I am a fifth generation Australian and have lived my adult life in America, but if you ask me how I identify? I say: as a Jew. A Jew whose family has found a haven on the cliffs between the Pacific Ocean and Sydney Harbor. We Jews of Australia are small in number. Chanukah menorahs are not displayed next to the official Christmas trees. We don’t make a fuss or attract attention, and we are scrupulously law-abiding.
On October 9, 2023, the Sydney Police issued a warning. Jews: Do not go to the city. Do not go to the Opera House. Stay at home. My mother and I were on our way to the Opera House when we saw the warning. We are Jews.
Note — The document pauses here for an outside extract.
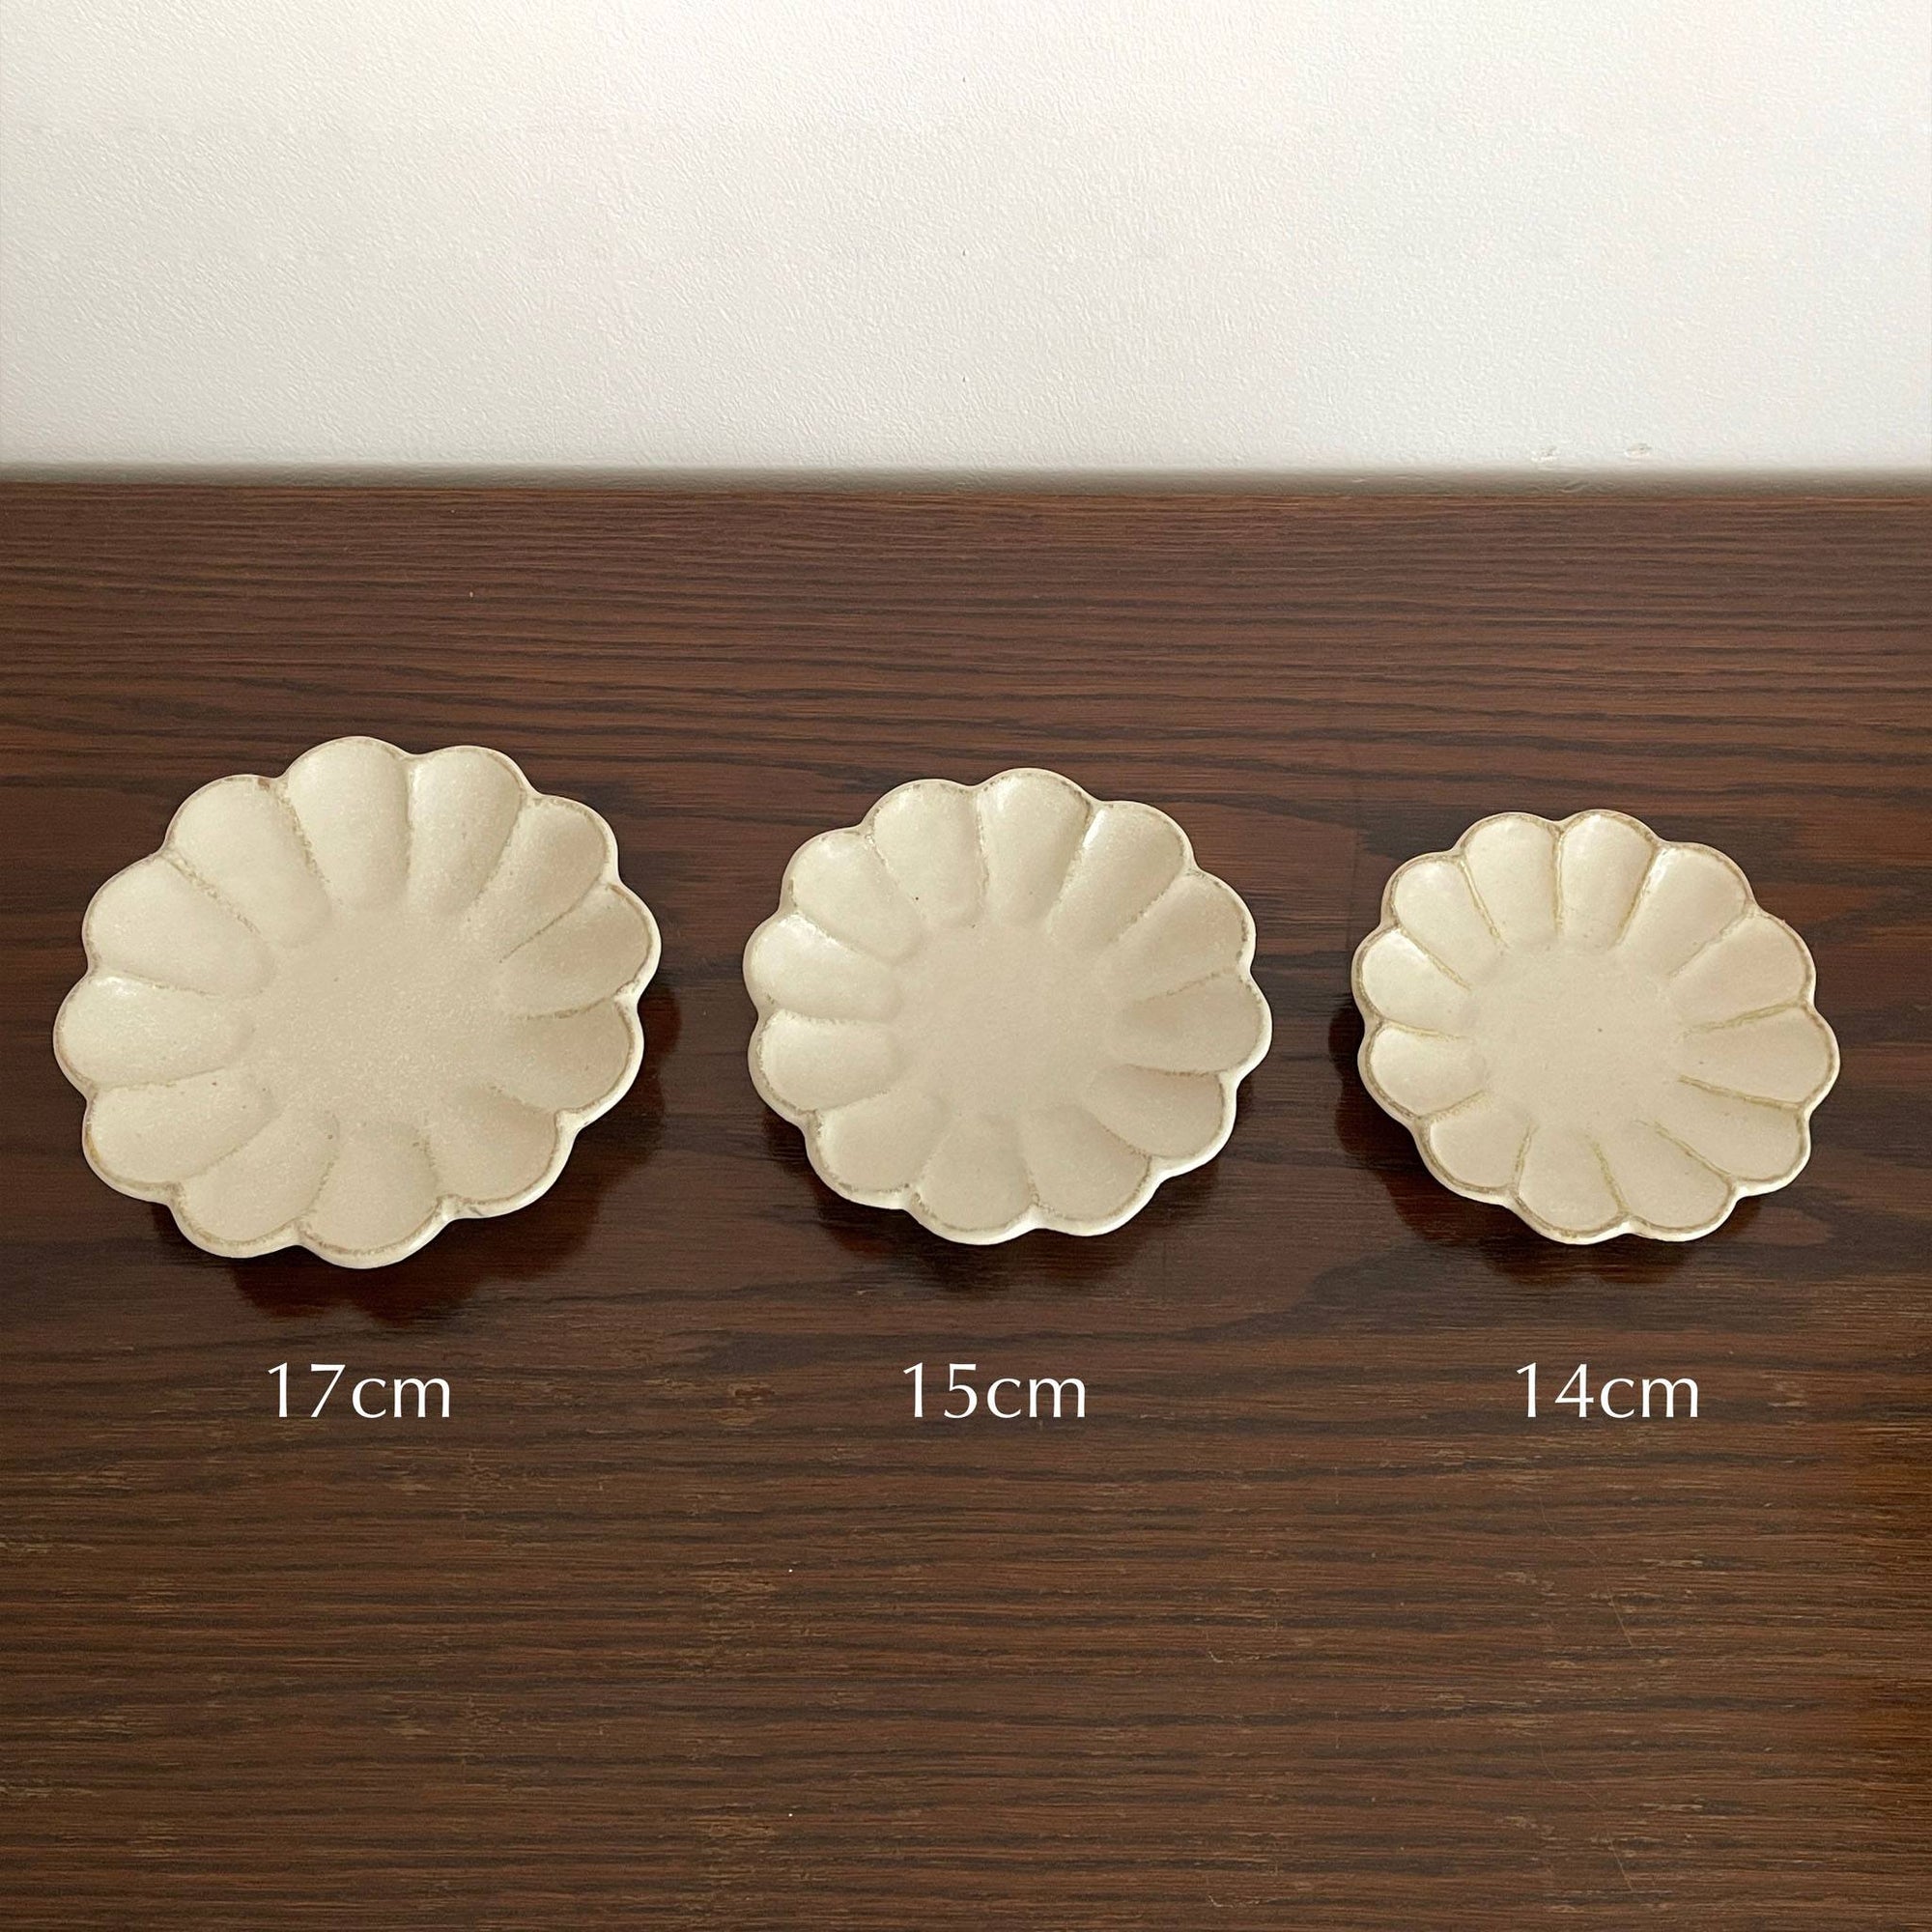 Rinka Plate 15cm - Kaneko Kohyo Porcelain Plate LoveÉcru

We turned around and went home.
The Sydney Police warned Jews not to go to the city that night because a pro-Palestinian mob was marching from the Town Hall to the Opera House, and when the mob arrived at the white sails jutting into the Harbor, they rioted, chanting “gas the Jews.”
At the Sydney Opera House and around the world people were celebrating atrocities against the people of Israel before the State of Israel had lifted a finger in response.
Sydney is far from Gaza, as the crow flies. Most people come here to escape ancient feuds. My mother’s family arrived in Australia in 1857, fleeing persecution of Jews in Russia. My father arrived in 1957, having survived as a Jew under Hungarian fascism, Nazism and Stalin’s communism. In Australia, both sides of the family flourished. My father, my daughter and I graduated from the oldest university in the country, the same university where my father taught mathematics for thirty years. I took off class for Shabbat and Jewish holidays. I wore a star of David over my clothes. I never got a whiff of antisemitism.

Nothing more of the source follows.